= John Tutchin =

John Tutchin (c.1660 or 1664 – 23 September 1707) was a radical Whig controversialist and gadfly English journalist (born in Lymington, Hampshire), whose The Observator and earlier political activism earned him multiple trips before the bar. He was of a Puritan background and held strongly anti-Catholic views.

==The Bloody Assizes==

In 1685 he wrote Poems on several occasions. With a pastoral. To which is added, a discourse of life at the same time that he was beginning his agitation against the possible accession of James II of England. He joined in the Monmouth Rebellion that year and was tried by Judge Jeffreys during the Bloody Assizes. Jeffreys mocked Tutchin's verse from the bench and sentenced him to:
1. seven years in prison,
2. a fine of 100 marks,
3. a surety for a lifetime of good behaviour,
4. to be whipped through all of the market towns of Devonshire once a year.
Tutchin, facing this sentence, appealed to be hanged, instead. His punishment became a cause célèbre among the Whig and Tory partisans, with the result that he was released after a year. He then married Elizabeth Hickes, the daughter of a Puritan minister who had been vocal and active in the anti-Jacobite causes.

The arrival of William III of Orange pleased Tutchin, and he wrote An heroick poem upon the late expedition of His Majesty to rescue England from popery, tyranny, and arbitrary government in 1689. William was not, however, republican enough, and Tutchin's political philosophy was moving toward overt republicanism. However, Tutchin was rewarded for his Williamite support, and possibly for his role in the Monmouth Rebellion and Bloody Assizes, by being appointed a minor post in the victualling office.

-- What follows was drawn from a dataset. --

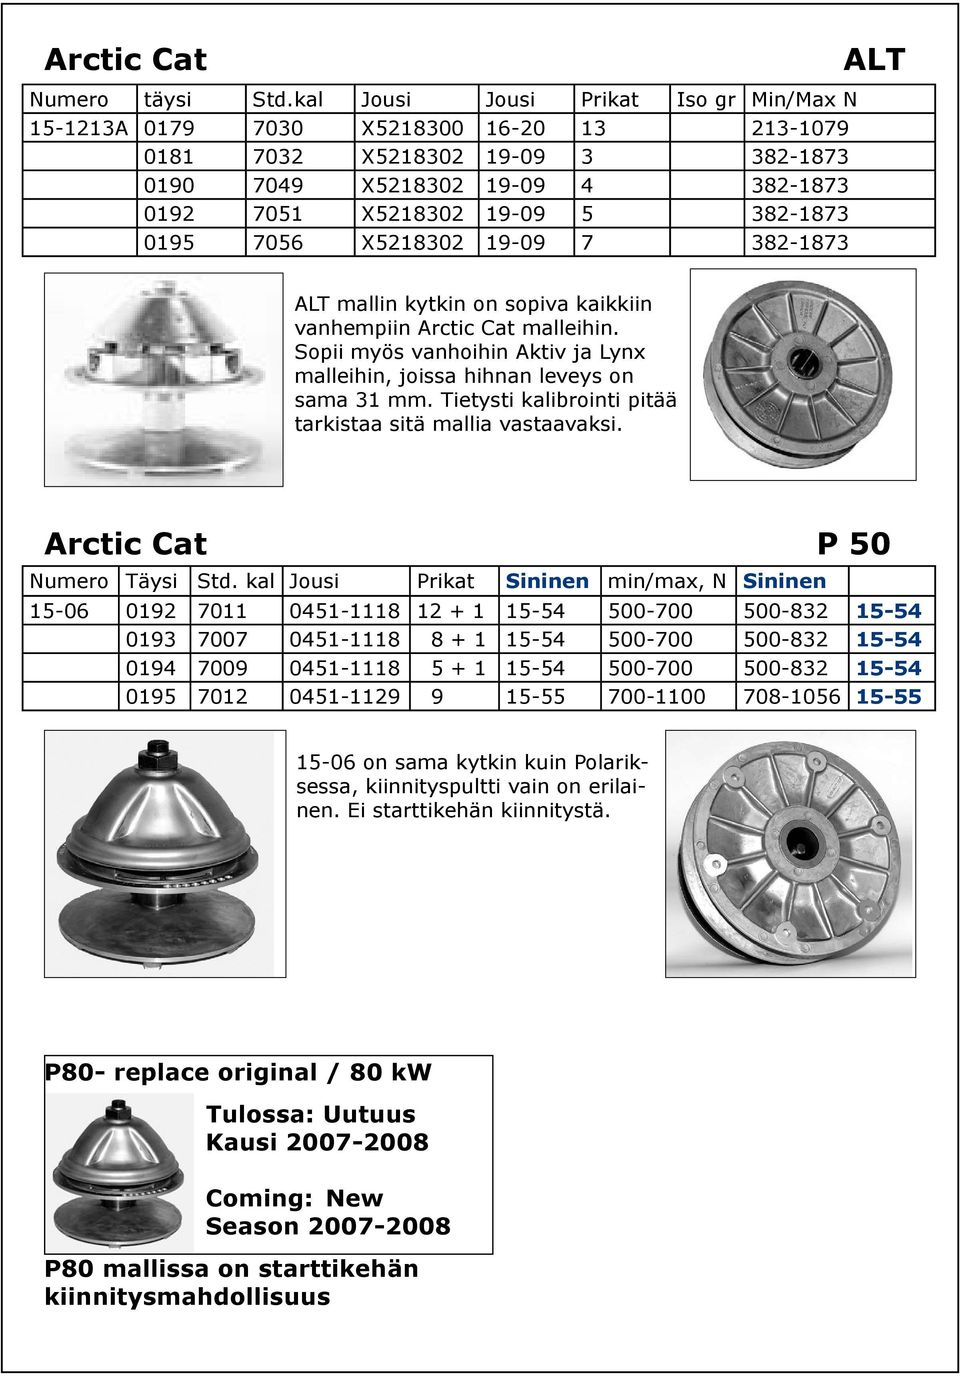 7056 X5218302 19-09 7 382-1873 ALT ALT mallin kytkin on sopiva kaikkiin vanhempiin Arctic Cat malleihin. Sopii myös vanhoihin Aktiv ja Lynx malleihin, joissa hihnan leveys on sama 31 mm.
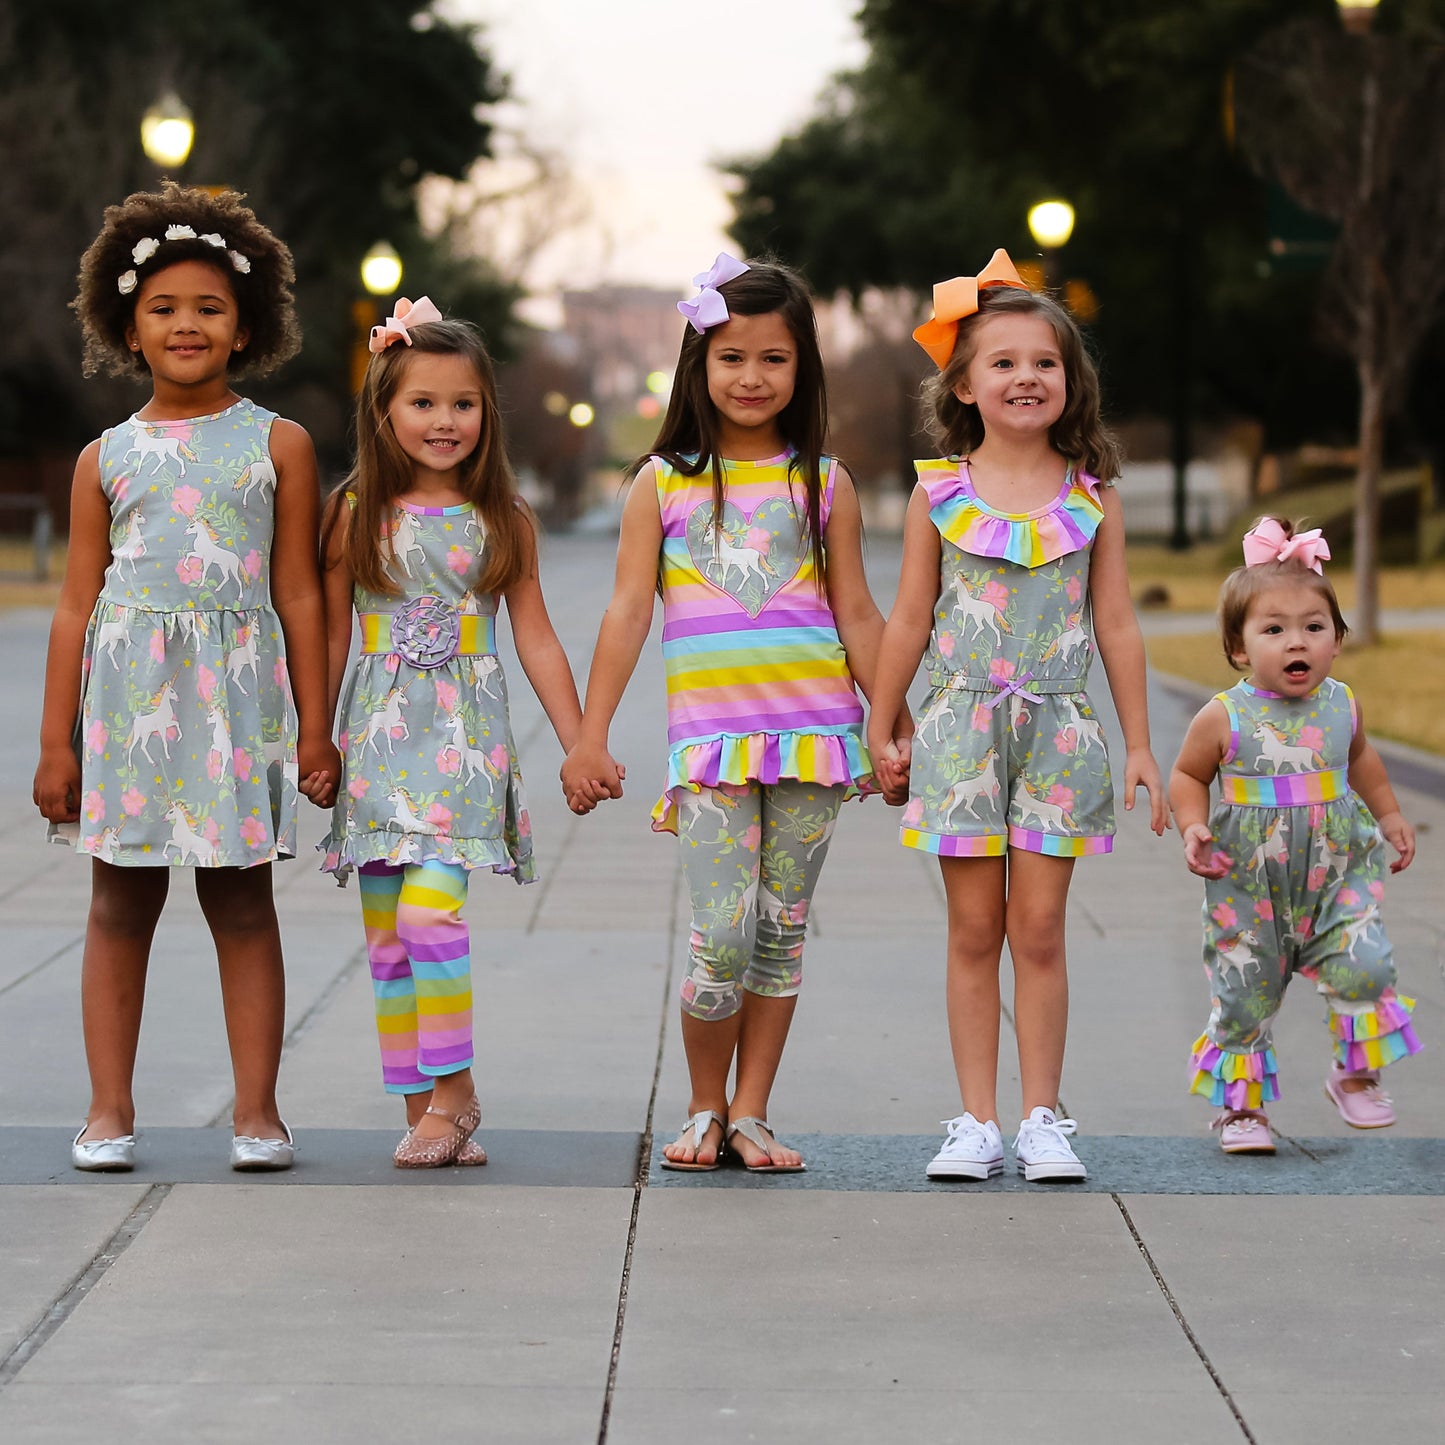 AnnLoren Boutique Baby Girls' Romper Unicorn & Rainbow Onesie Toddler Jumpsuit

Tutchin was convinced, throughout his life, that corruption was rampant and that people were trying to defraud the government or serve an anti-English master, and in 1699 he was rewarded with £12 for his officious "saving so much of the bloody pickle which drained from the casks and binns which hold the flesh at the Victualling Office." This was indicative, in a sense, of Tutchin's terrier-like concern. At the same time, he grew disaffected by William's Dutch courtiers and wrote, in 1700 The Foreigners. The poem outlined a Lockean position on the social contract and suggested that William was not a valid sovereign. Tutchin was arrested, but, because he had slightly disguised the proper names of the figures he lampooned, the poem could be pronounced a "seditious libel," but Tutchin could not be tried for sedition. Daniel Defoe answered Tutchin with The True-Born Englishman.

==The Observator==

John Tutchin began The Observator in 1702, and it would continue past his death. The paper was shrill in its denunciations of Queen Anne and her Tory ministries. He and Defoe quarreled in their public writings, with Defoe representing a more Puritan stripe of the whig party and Tutchin the more democratic and Cromwellian side, and several authors would mention the two names together (including Alexander Pope, who has Defoe standing above a prostrate Tutchin in The Dunciad). The paper was written in dialogue form, where "Observator" or "Mr. Observator" and "Countryman" speak to one another.

In December 1703, The Observator was arraigned for scandalous libel on Parliament. In May 1704, Tutchin fled to France briefly to escape being seized. He contacted Robert Harley and sought his aid. Harley was a Tory, but he was also in contact with various Whig politicians and attempting to strike a middle line. (He was, for example, a friend to John Arbuthnot, who was an avowed enemy of Tutchin.) Tutchin was found guilty, but the conviction was overthrown on a technicality, as the evidence had been improperly presented. A number of Tory statesmen, MPs, and writers thought that the mistake in the proceedings had been intentional.

After he returned to England, Tutchin continued to rail at Jacobites and French agents everywhere. He accused the Navy of secretly supplying food for the French Navy. This got him arrested again. In October 1706 John Churchill, 1st Duke of Marlborough wrote in a letter to Harley, of the matter, "If I can't have justice done me, I must find some friend that will break his and the printer's bones." Whether he did so or not, something terrible did happen to Tutchin in prison. He was beaten severely and died of his injuries in custody on 23 September 1707.

While The Observator, in particular, was a noted venue for anti-Jacobite opinion, Tutchin's tendency toward paranoid-seeming fears and suspicions about the government had gotten him few contemporary friends. Even after his death under suspicious circumstances, he was not widely mourned, and Alexander Pope, in particular, memorialized him viciously in The Dunciad a full seventeen years after his death, where he has the publisher Edmund Curll given a gift of a tapestry by Dulness showing the fates of dunces, where the whipping of Tutchin through the west country is a featured panel.